Tax Planning for a Major Illness or Injury

Tax Planning

Tax Planning for a Major Illness or Injury

You can lighten your tax burden if you or a dependent faces a costly health issue.


Fighting a major illness or injury can be enormously expensive, but you can find some help in the tax law.

See Also: Tax Planning for Life's Major Events

Although everyone knows medical expenses are deductible, in truth very few taxpayers actually get to deduct them. The catch? You must itemize deductions to write off medical expenses, and only about 25% of taxpayers itemize. And, such costs are deductible only to the extent they exceed 10% of your adjusted gross income (AGI). (The threshold is 7.5% of AGI for taxpayers age 65 or older; on a joint return, if either spouse is 65, the lower threshold applies.) With the 10% threshold, if your AGI is $100,000, the first $10,000 of unreimbursed medical expenses don't count. If you, your spouse or your dependent children are facing a major illness or injury, however, you may well surpass the threshold. If that’s a possibiity, be sure you tote up all your qualifying expenses.

HSA and MSA Distributions

If you have a health saving account or an Archer Medical Savings Account, withdrawals used to pay qualifying medical expenses are tax-free.


Flexible Spending Account

Generally, employees are allowed to adjust the amount of salary earmarked for a medical reimbursement account only once a year. If during your open-enrollment season you anticipate higher medical bills in the year ahead, consider increasing the amount of money you set aside. Salary diverted into a reimbursement account and then used to pay medical bills escapes both income and Social Security taxes.

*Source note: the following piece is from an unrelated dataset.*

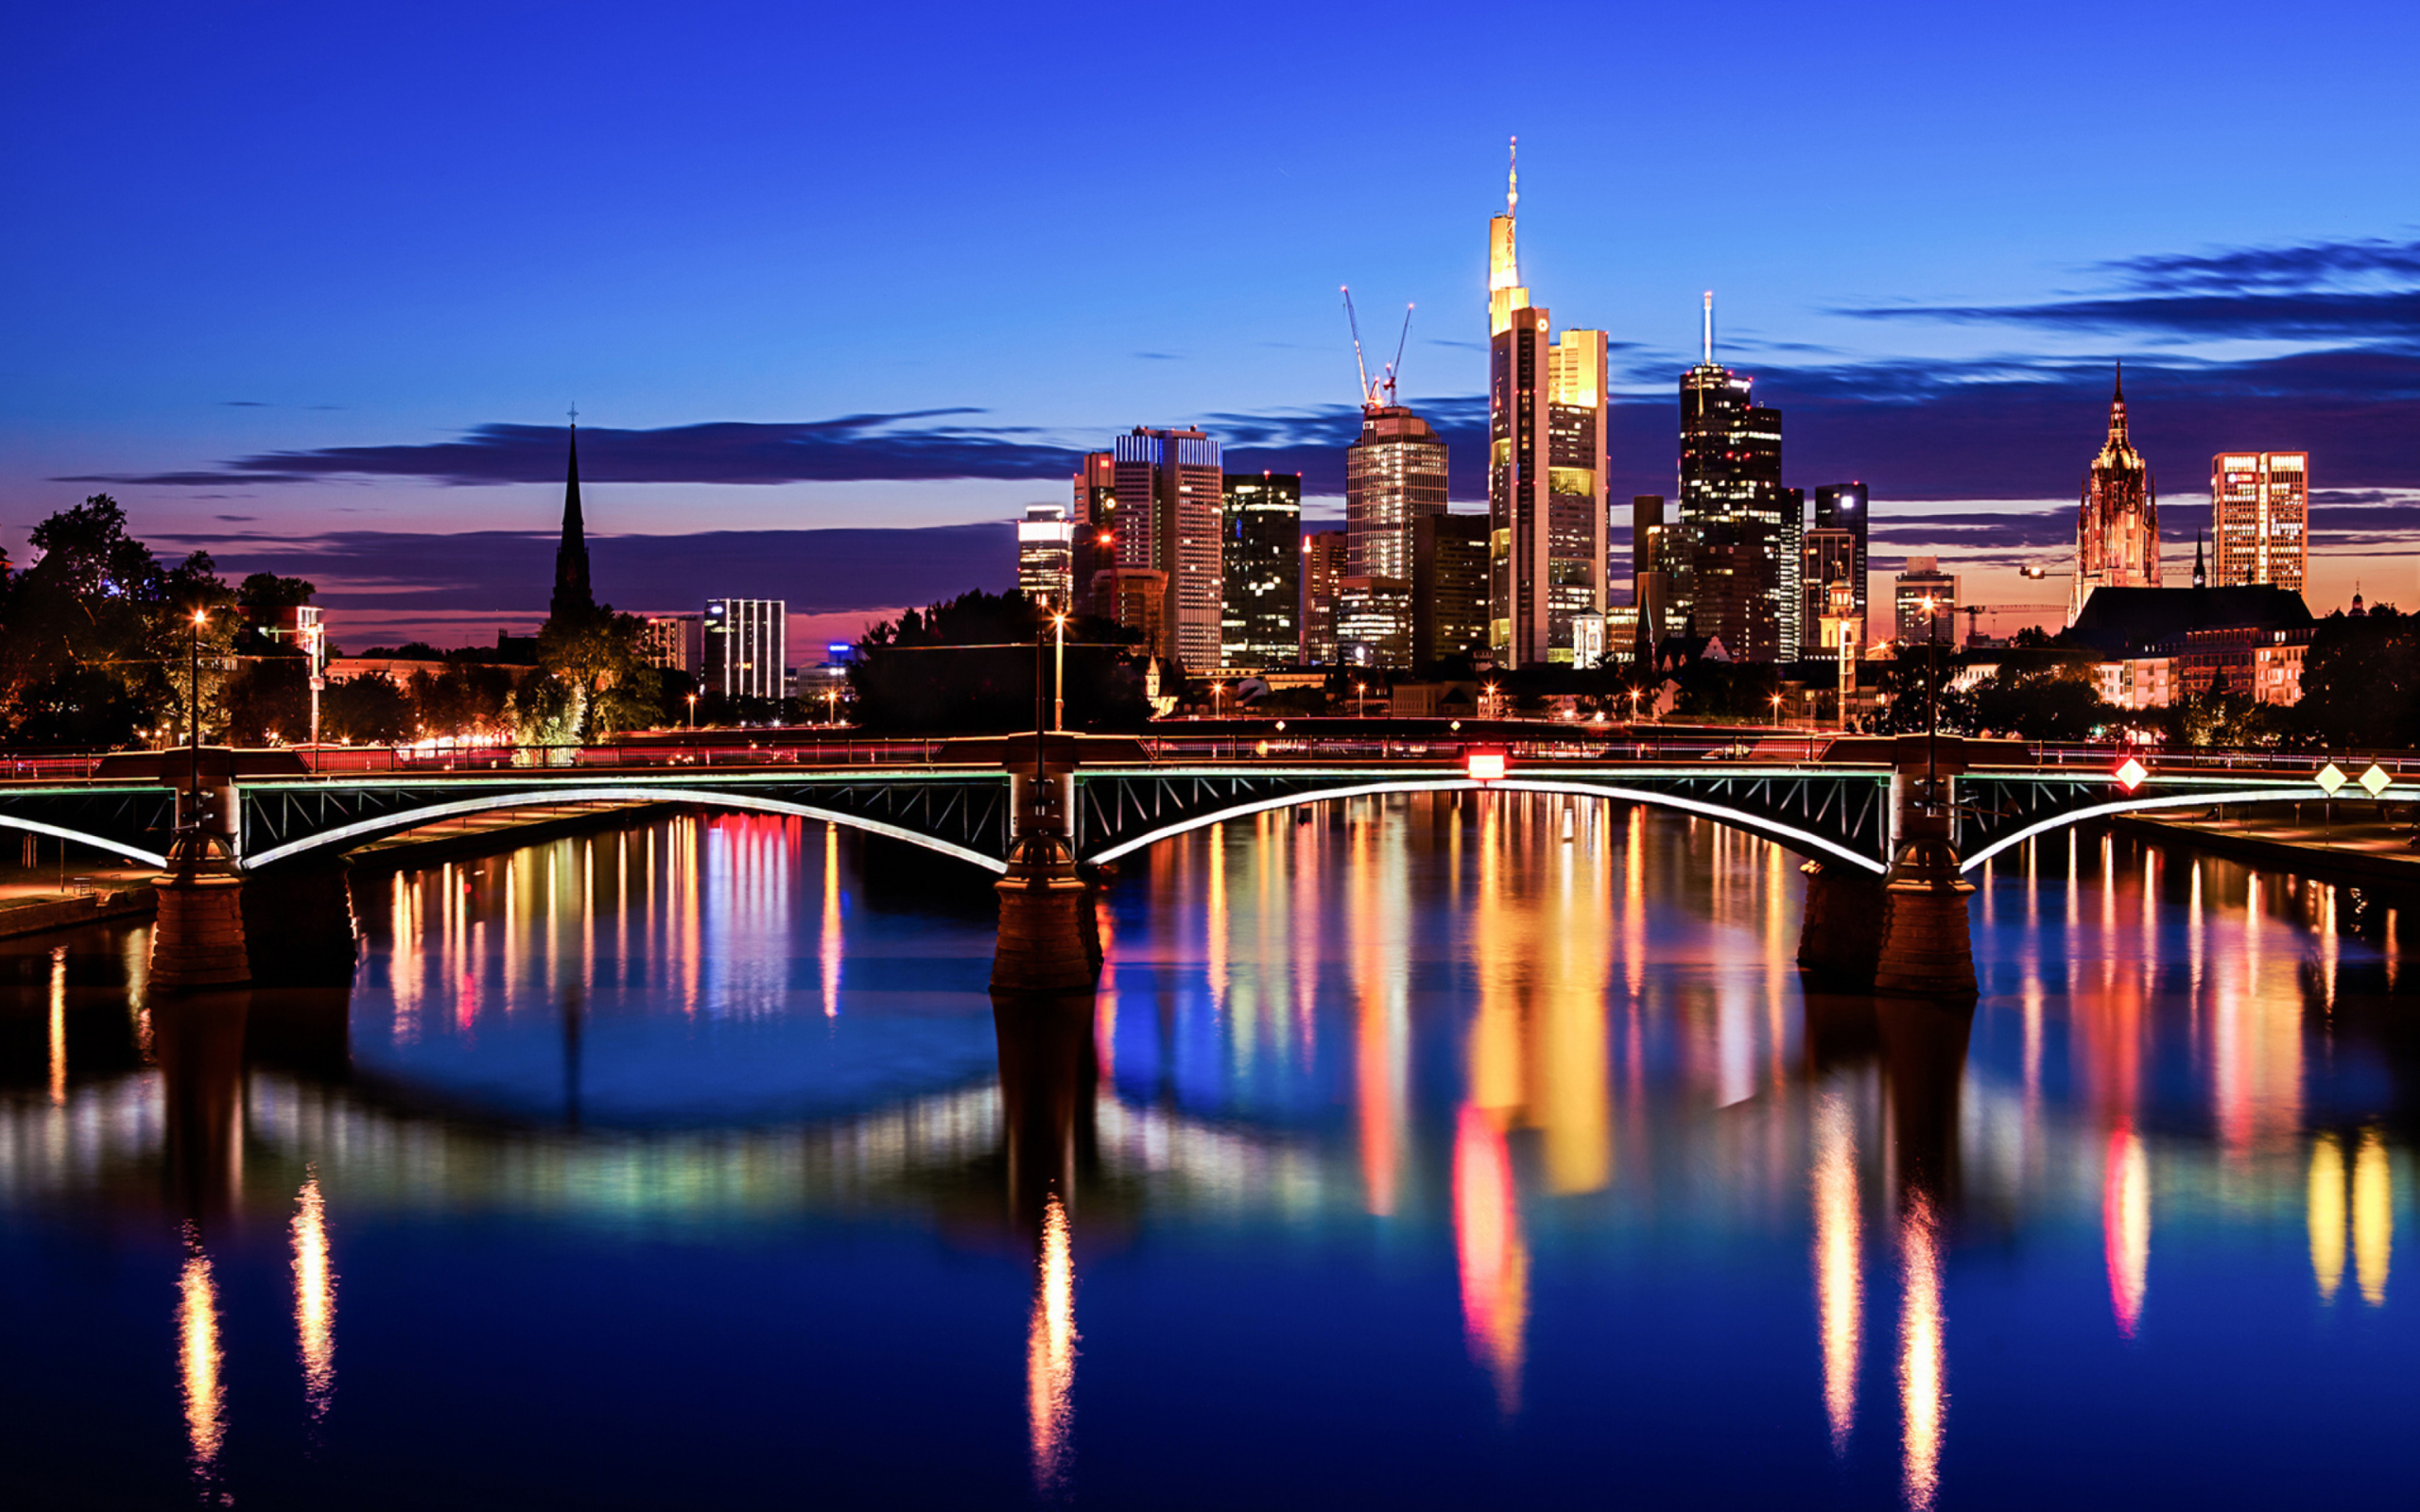 Deutschland, Frankfurt am Main wallpaper 2560x1600

You can put up to $2,550 a year into a medical flex plan. A $2,550 set-aside that avoids a 25% federal income tax rate and the 7.65% Social Security and Medicare tax would save you more than $800. Any state tax savings would make this an even better deal. In the past, flex plans came with a use-it-or-lose-it proviso. Any funds left unspent at the end of the calendar year (or March 15 of the following year in some cases), was forfeited. Now, companies can (but don’t have to) allow up to $500 of unspent funds to rollover into the next year. Make sure you understand how your company’s plan works.

IRA and 401(k) Plan Payouts

Although using retirement funds for anything other than retirement is generally discouraged, crushing medical bills could force you to tap your account. If you tap a traditional IRA before age 59½, the 10% penalty that normally applies to payouts before age 59½ is waived to the extent that you have qualifying medical expenses in excess of 10% of AGI (7.5% if you are age 65 or older).

The same goes for early withdrawals from 401(k)s, although such withdrawals are difficult to make if you are still on the job. "In service" withdrawals are only allowed if you can meet hardship requirements. If you have left the job in a year in which you were age 55 or older, the 10% penalty doesn't apply regardless of the 10% rule. Even if you avoid the penalty, your IRA or 401(k) withdrawals will be taxed as income.


Disability Insurance Payments

If your condition results in your receiving benefits under a disability insurance policy, the taxability of the income depends on who paid for the policy. If you paid, the benefits are tax-free. If your employer paid for the insurance, the benefits are fully taxable.


If you receive a settlement in a lawsuit that includes money for medical expenses you deducted in an earlier year, that amount is considered taxable in the year you receive it . . . but only to the extent that the deduction actually reduced your taxable income for the year you wrote off the expenses. If a settlement includes funds for future medical expenses, the amount is not taxable. Those future medical expenses aren't deductible either, until they exceed the amount of the award allocated to future medical care.